Ziff Davis, Inc. (NASDAQ: ZD) has solidified its position as a diversified digital media and internet company, leveraging acquisitions and strategic investments to expand its market share across high-growth digital sectors. Originally established in 1927 as a print media company, Ziff Davis has successfully transitioned into a major player in digital media, cybersecurity, marketing technology, and e-commerce.

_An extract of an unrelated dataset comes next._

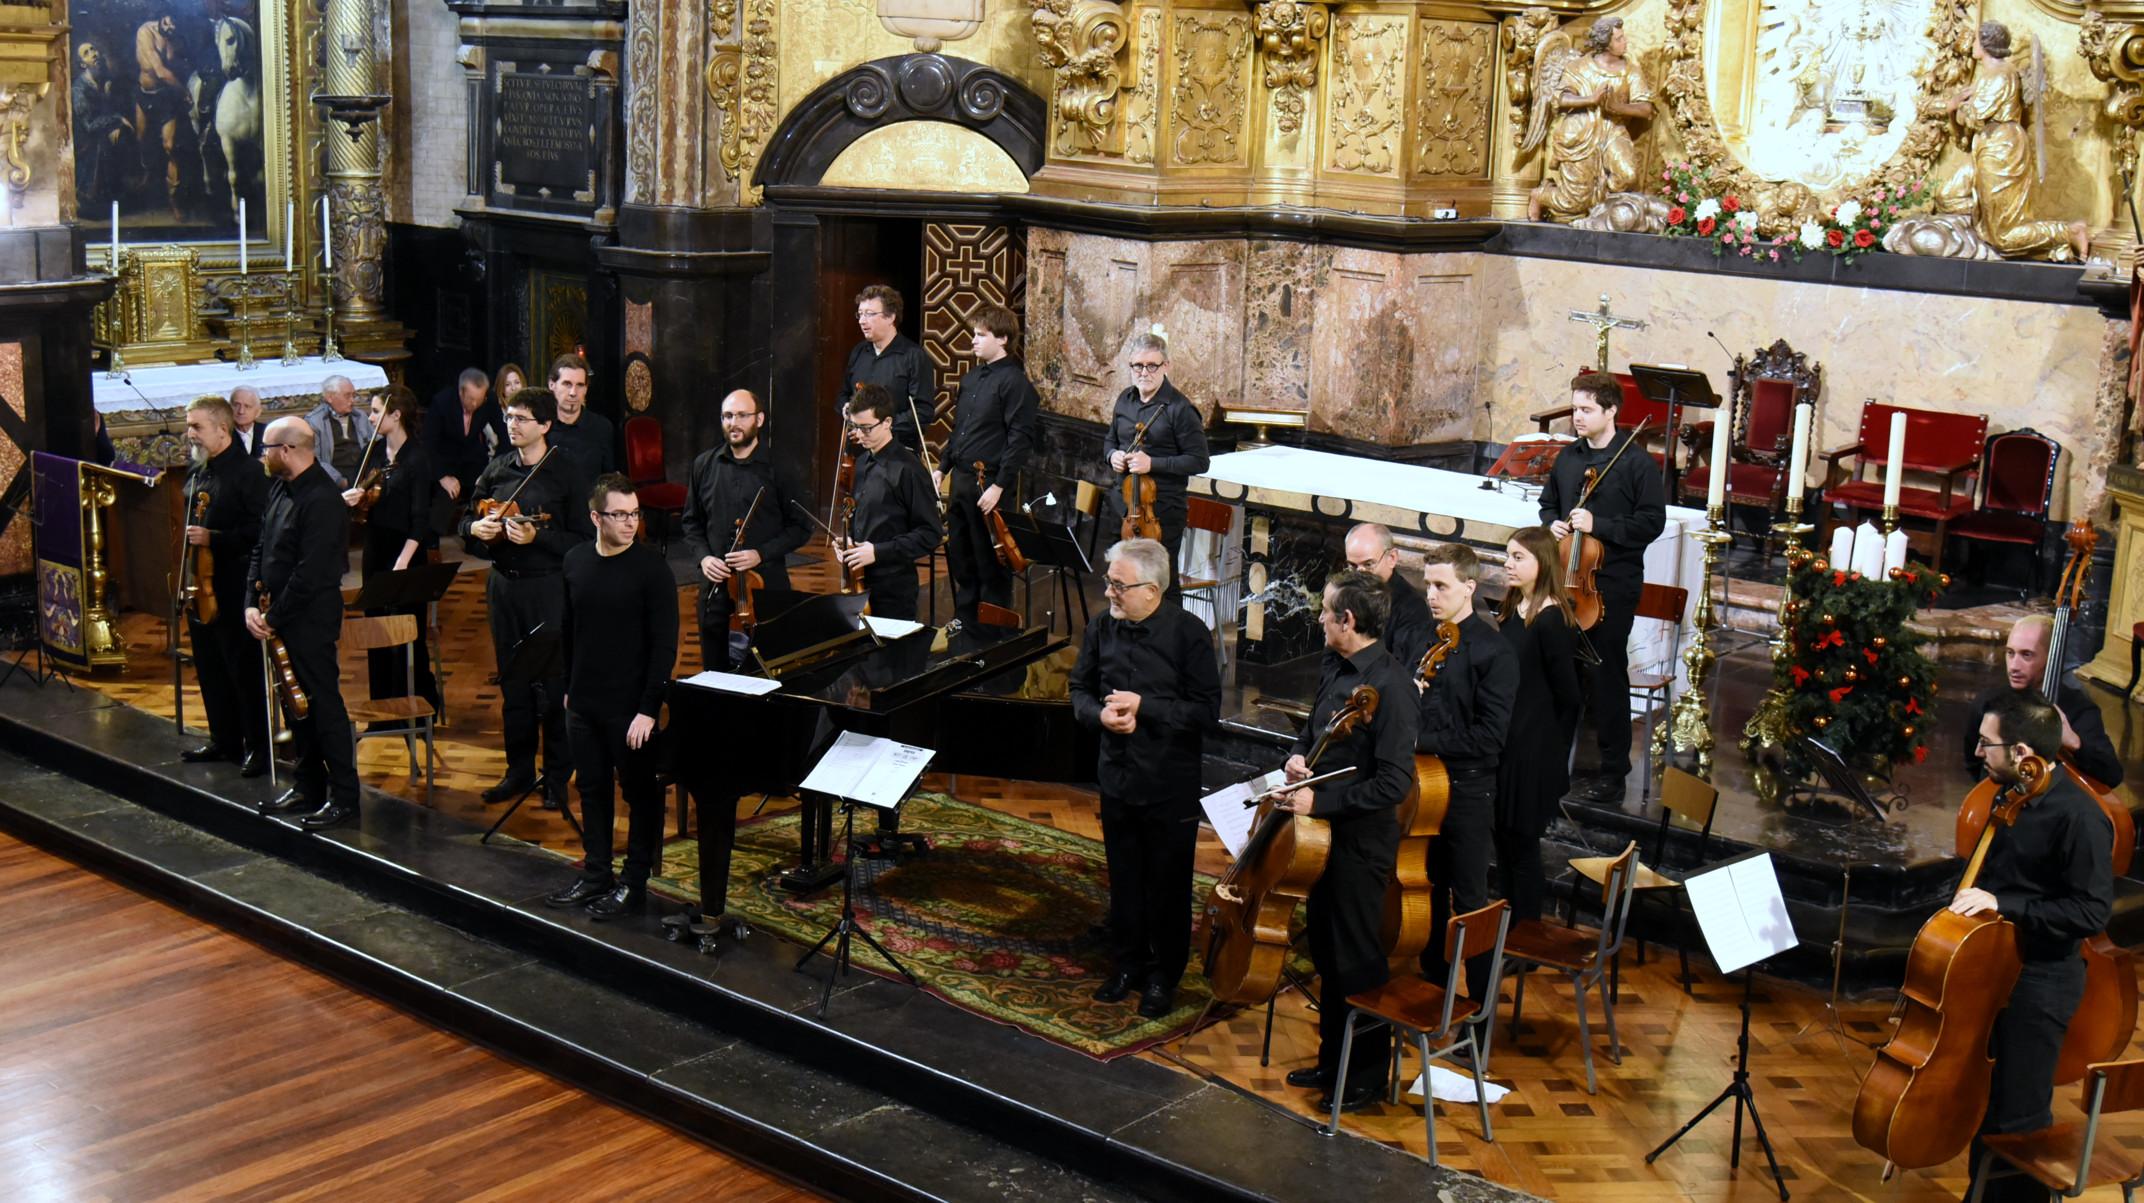 http://orquestatutti.com/wp/wp-content/uploads/2017/12/DSC_3138_01.jpg

Ziff Davis, as Strategic Acquisitions Bolster Digital Media Presence

With a portfolio that includes leading media brands such as PCMag, IGN, Mashable, and AskMen, the company generates revenue from multiple streams, including advertising, performance marketing, subscriptions, and licensing. The company’s growth strategy, centered around acquisitions and operational efficiency, has driven its financial resilience, even amid challenges in certain business segments.

Key Acquisitions

Ziff Davis has been proactive in expanding its digital footprint through strategic acquisitions. Two major deals in 2024 demonstrate its commitment to enhancing core business verticals:

  • TDS Gift Cards ($48 million, February 2024)
    This acquisition strengthened Ziff Davis’s e-commerce and shopping segment, enabling the company to expand its digital commerce infrastructure. TDS Gift Cards collaborates with major brands like Netflix, Uber, DoorDash, Airbnb, Nike, and Meta, offering new commercial opportunities and revenue streams.
  • CNET ($100 million, Summer 2024)
    Acquiring CNET was a significant move that expanded Ziff Davis’s footprint in technology journalism. Despite previous controversies over AI-generated content and sponsored material, CNET maintains a substantial online audience and strong search engine positioning for technology-related queries. The acquisition provides long-term advantages in content monetization and organic traffic growth.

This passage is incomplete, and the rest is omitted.